In 2007, the Guardian was printing a series of articles entitled "Great Speeches of the 20th Century." One of the speeches that was selected was Nikita Khrushchev's "Secret Speech" of 1956, the one in which Stalin was denounced. The article on this speech was written by another Soviet premier, Mikhail Gorbachev - a premier who effectively denounced Leonid Brezhnev, the person who ousted Khrushchev.
People such as me who are long-term anti-communists characterize the efforts of Khrushchev and Gorbachev as putting lipstick on a pig. What is the point of making minor changes to a system, we ask, when the entire system needs an overhaul. As Gorbachev writes about the balancing act that Khrushchev had to negotiate, we recall that Gorbachev had the same challenges.
Gorbachev:
Despite the damning revelations, the speech's overall assessment of Stalin was relatively mild. In this, Khrushchev yielded to the pressure of conservatives like Molotov. He said, for example, that "in the past Stalin undoubtedly performed great services to the party, to the working class and to the international workers' movement".
By contrast, in preliminary discussion, Khrushchev had said: "Stalin destroyed the party. He was not a Marxist. He wiped out all that is sacred in a human being." Later, fearing that the truth about Stalin could lead to criticism of the political system, Khrushchev reverted to saying that Stalin had been a staunch revolutionary. Such contradictions are evidence of a hard-fought battle - a struggle that should not be seen as mere palace intrigue. It took resolve and courage, qualities that Khrushchev showed in presenting the report and then also in exonerating innocent prisoners and instituting controls over the security apparatus.
It seems obvious that when Gorbachev praises Khrushchev as having resolve and courage, Gorbachev hopes that the same will be said about himself.

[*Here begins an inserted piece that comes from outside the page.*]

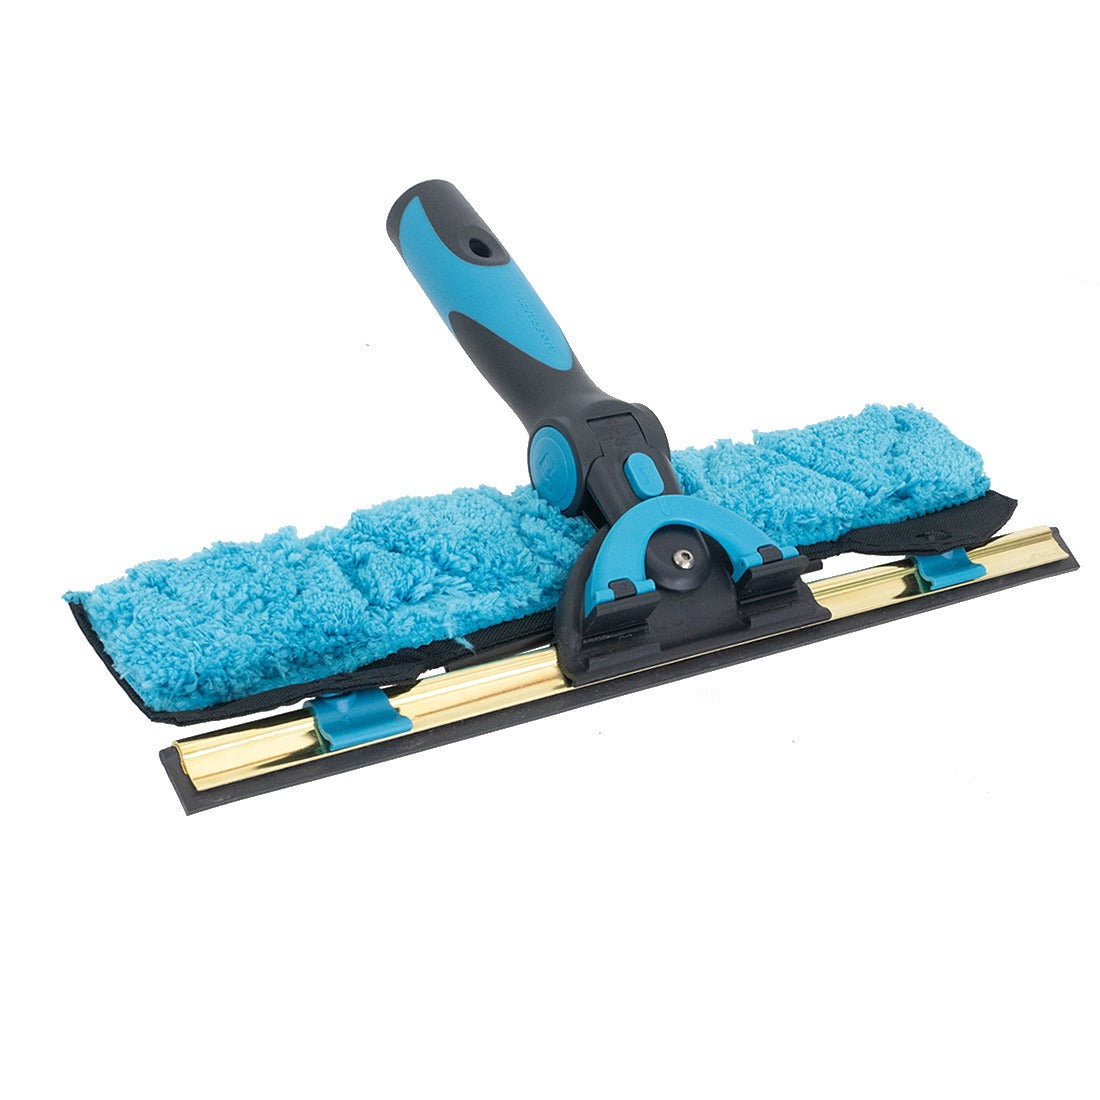 4 Meter Window Cleaning Brush + Window Cleaner Squeegee Attachment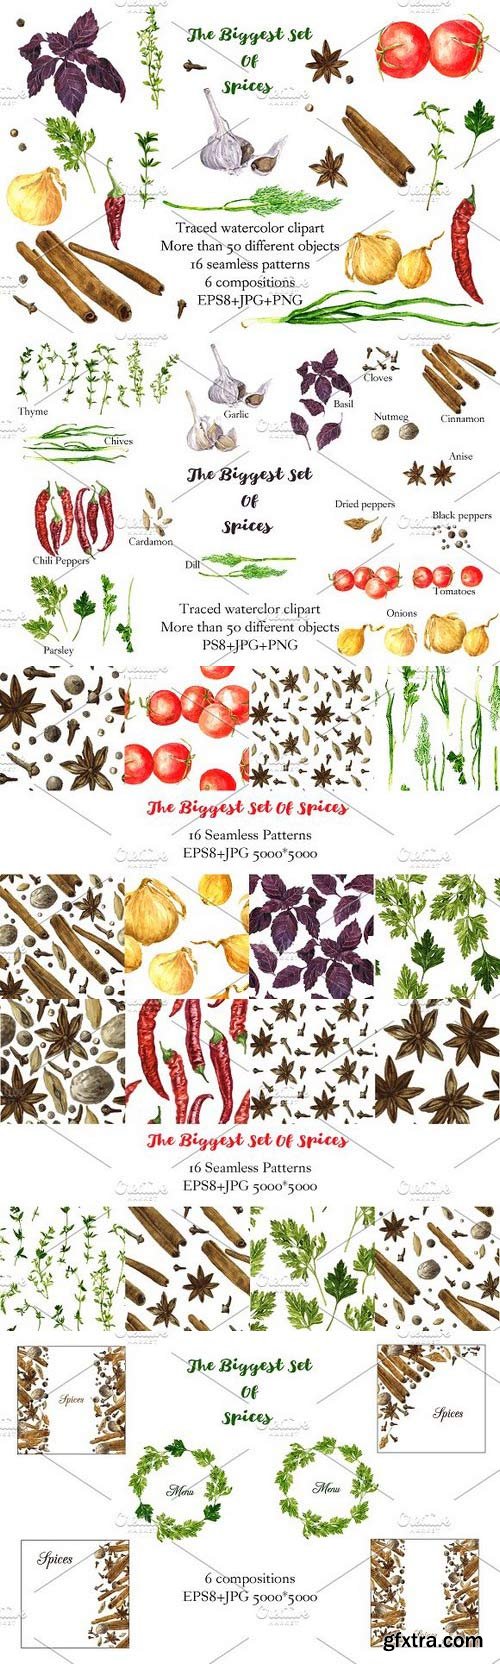 CM - The biggest watercolor set of spices 686299

Later in the article, the parallels are explicitly made:
Perestroika continued what the 20th congress had started, seeking to give back to socialism the "human face" destroyed by Stalin. By laying the foundations of a social market economy and by instituting free speech and elections, Perestroika implemented a new social-democratic project.
And just as Khrushchev was undone by Brezhnev, Gorbachev had his own enemy:
Its completion was thwarted by the conservatives' putsch followed by the actions of right-wing radicals led by Boris Yeltsin, who dismantled the Soviet Union and subjected the people to a "shock experiment". The result was the emergence of a "wild capitalism" which brought with it impoverishment, crime and corrupt government.
However, there is one other important parallel between Yeltsin and Brezhnev - both of them allowed their predecessors to live.